- Big LTRO elicits little excitement; FX market reacts more to little from Bernanke
The EUR 529bn allocated at yesterday’s second 3-year LTRO was a little higher than our estimates of 400-500bn, and not significantly greater than market expectations of 470/500bn. The tender adds a net 314bn in liquidity (after subtraction of other shorter LTROs expiring), and significantly adds duration to the ECB’s liquidity provisions. This should see further reductions in BOR-OIS spreads; and also further lower peripheral spreads, particularly in the front end. The bank refinancing worries have now effectively been put to bed; and the Italian and Spanish sovereign refinancing peaks look much less daunting. All this is positive EUR and positive risk – although the reaction post-announcement hardly set pulses racing. Against this however, the additional liquidity means that the EUR is set up almost as nicely as USD, JPY and CHF to be the global funding currency. The EUR’s higher interest rate remains an obstacle – and so there will be plenty of focus on the ECB next week.

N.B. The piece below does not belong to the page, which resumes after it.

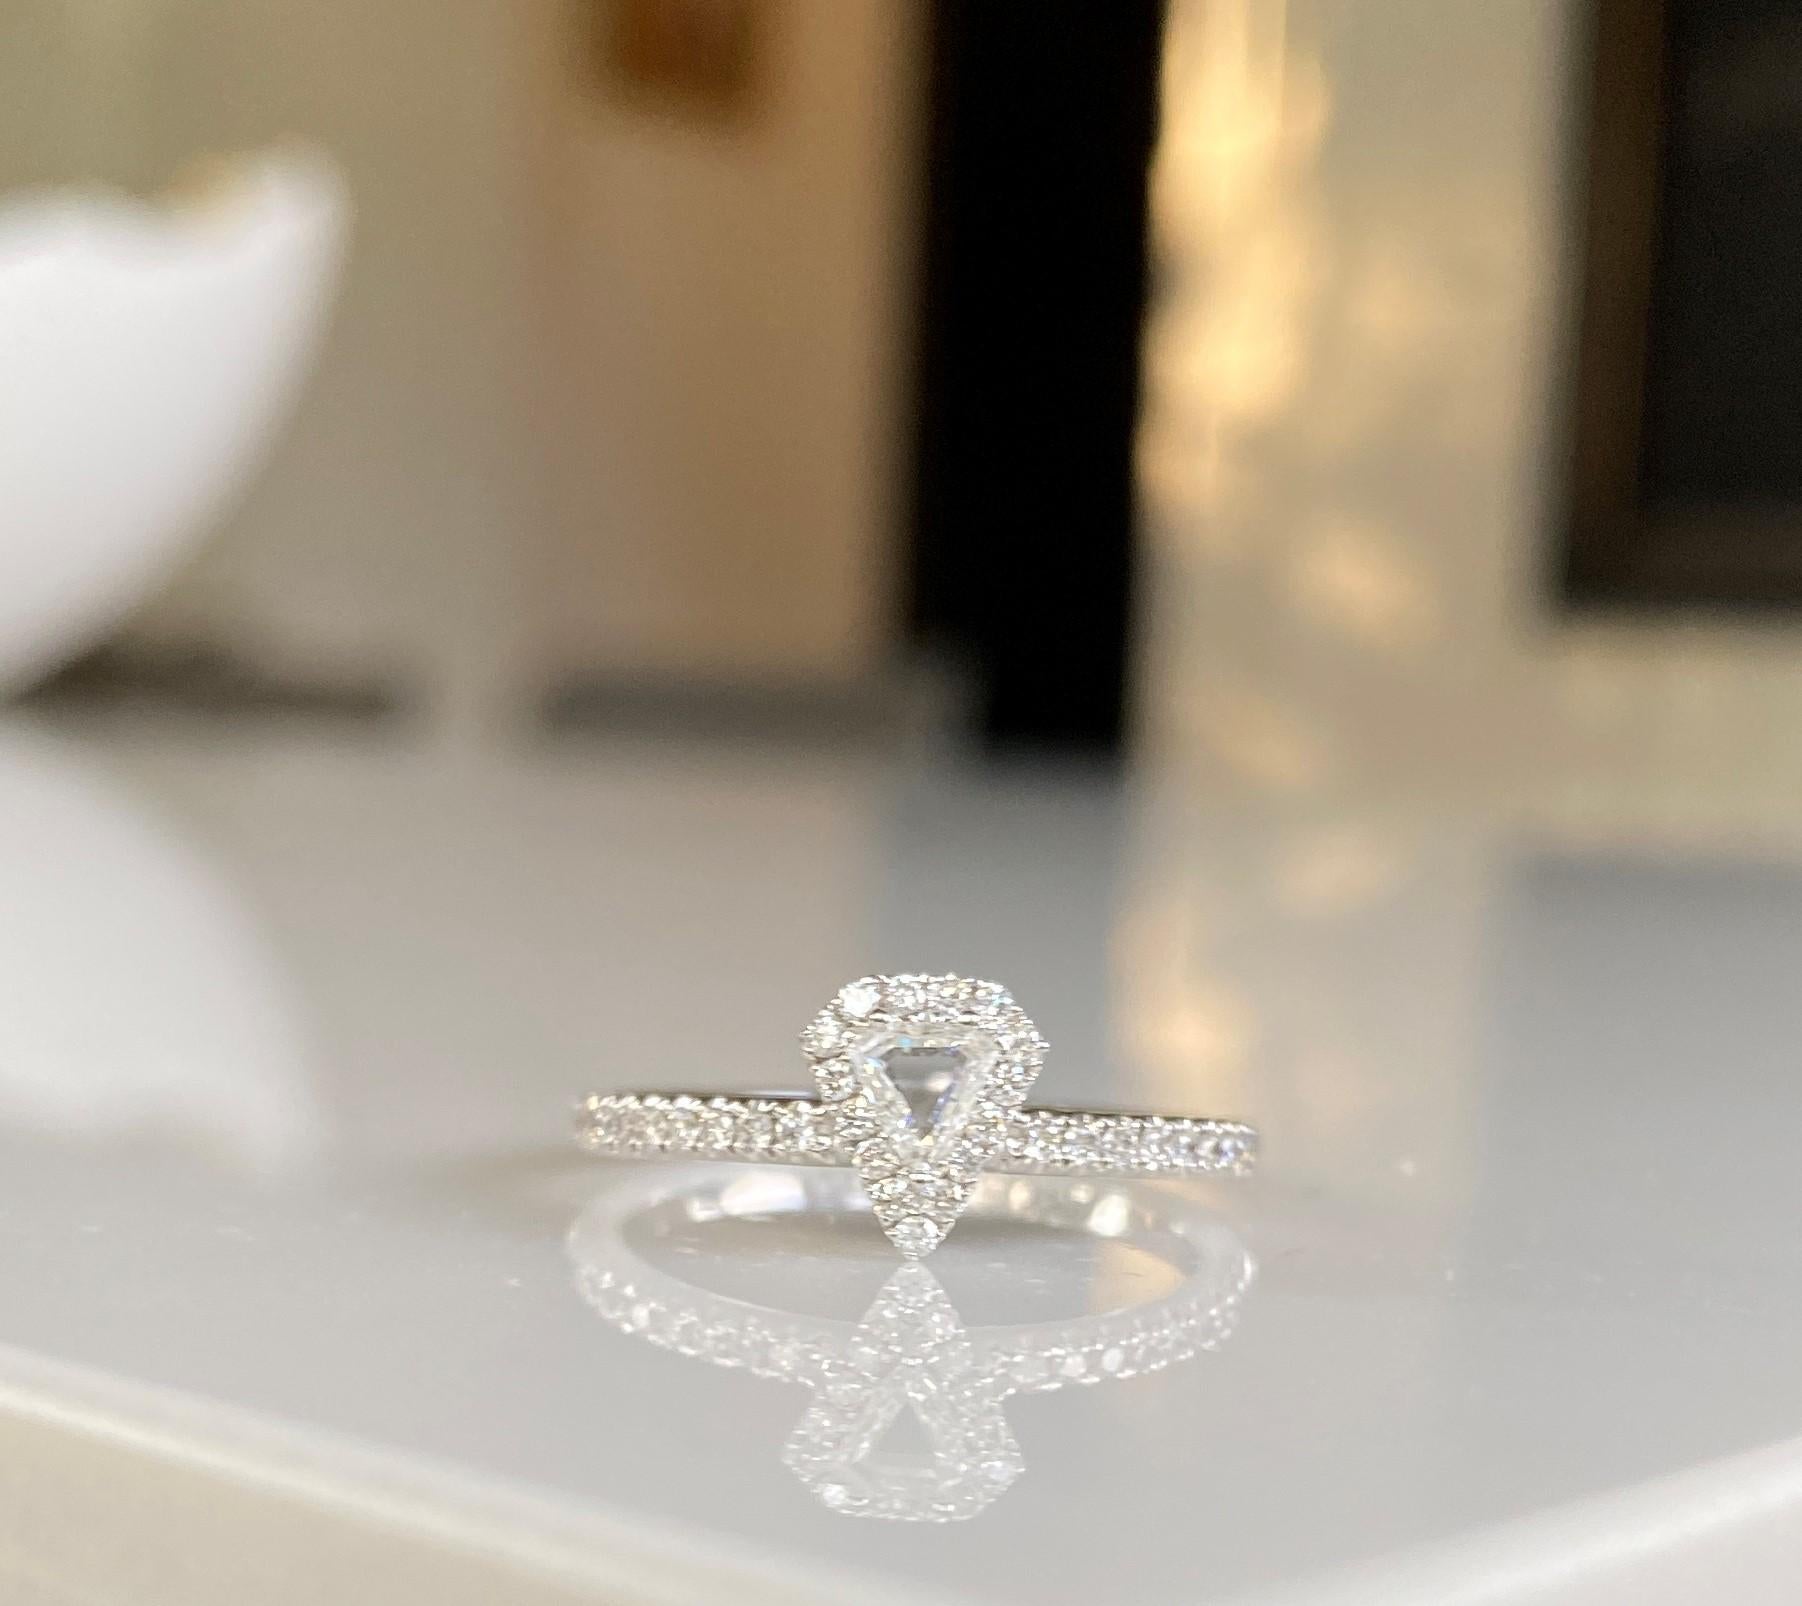 Make a statement with this modern Trillion diamond solitaire and pave diamond ring. Dress up or down, wear it as a fun stacking ring or alternative bridal band or engagement ring.  Total diamond weight - 0.37 ctw set in 18k white gold.

But at this stage – and as was abundantly clear from the reaction to Chairman Bernanke’s semi-annual testimony last night – more important to currency markets than further ECB easing is the direction of Fed policy, and specifically the prospects for QE3. The USD remains the funding currency of choice for a number of reasons – liquidity and access to that liquidity among them – but only for as long as the Fed continues to reassure that rates will stay low and that the liquidity spigot will stay open. Our economists did not read anything of great significance into what the Fed chairman said yesterday. Yet the mere acknowledgement that the labour market has been performing better than the Fed had expected given their read on domestic demand indicators, alongside the failure to offer any additional encouragement to hopes of more policy easing, was enough to provoke a strong reaction: risk aversion sent the USD broadly higher and gold down an astonishing $100 on the day. We would suggest that positioning is likely to have played more than a small part: the moves seem somewhat overdone in comparison to much more measured equity and US Treasury market moves.
- Will Bernanke try and undo the damage?
But was this really Bernanke’s intended message? Part of Fed folklore – derived from the Volcker and Greenspan eras – is that the beauty of having back-to-back testimonies before the House and Senate is that they provide an opportunity for the Fed chairman to undo at the second bite of the cherry any damage done during the first. If the Fed was at all disquieted by Wednesday’s price action, then we might expect some attempt by Bernanke on Thursday, before the Senate banking
Committee (10:00edt) to qualify some of his remarks. That may be wishful thinking to some caught the wrong way and if Thursday proves to be a carbon copy of Wednesday, we could well see a further unwind of USD shorts. The question then is whether we will simply see preferences regarding the choice of funding currencies for risk taking behaviour shift elsewhere, and where the EUR and JPY could both quickly vie for supremacy, or a broader ’risk-off’ move.
- PMI time
With Mr Bernanke acknowledging the apparent disconnect between employment/unemployment data and the Fed’s read of demand, and after Tuesday’s very weak durable goods orders data, today’s manufacturing ISM data is going to be of particularly keen interest. A small rise (54.5 from 54.1) is expected and we would gauge that weaker than expected numbers will elicit the kind of risk-positive response (‘QE3 more likely’) that we saw after the durables data. Strong data could well perpetuate Wednesday’s moves, meaning a stronger USD across the board. Likewise if Initial claims were to come in below 350k. On other PMIs, the official Chinese print came in at 51.0, marginally above consensus of 50.9; helping to reassure on AUD and NZD. Eurozone PMI data meanwhile is final February data with much less potential to excite. UK PMI in contrast could if strong (market 52.0 from 52.1) easily provide the impetus for a fresh move lower in EURGBP and (if very strong) a fresh assault on the 1.60 level on GBPUSD.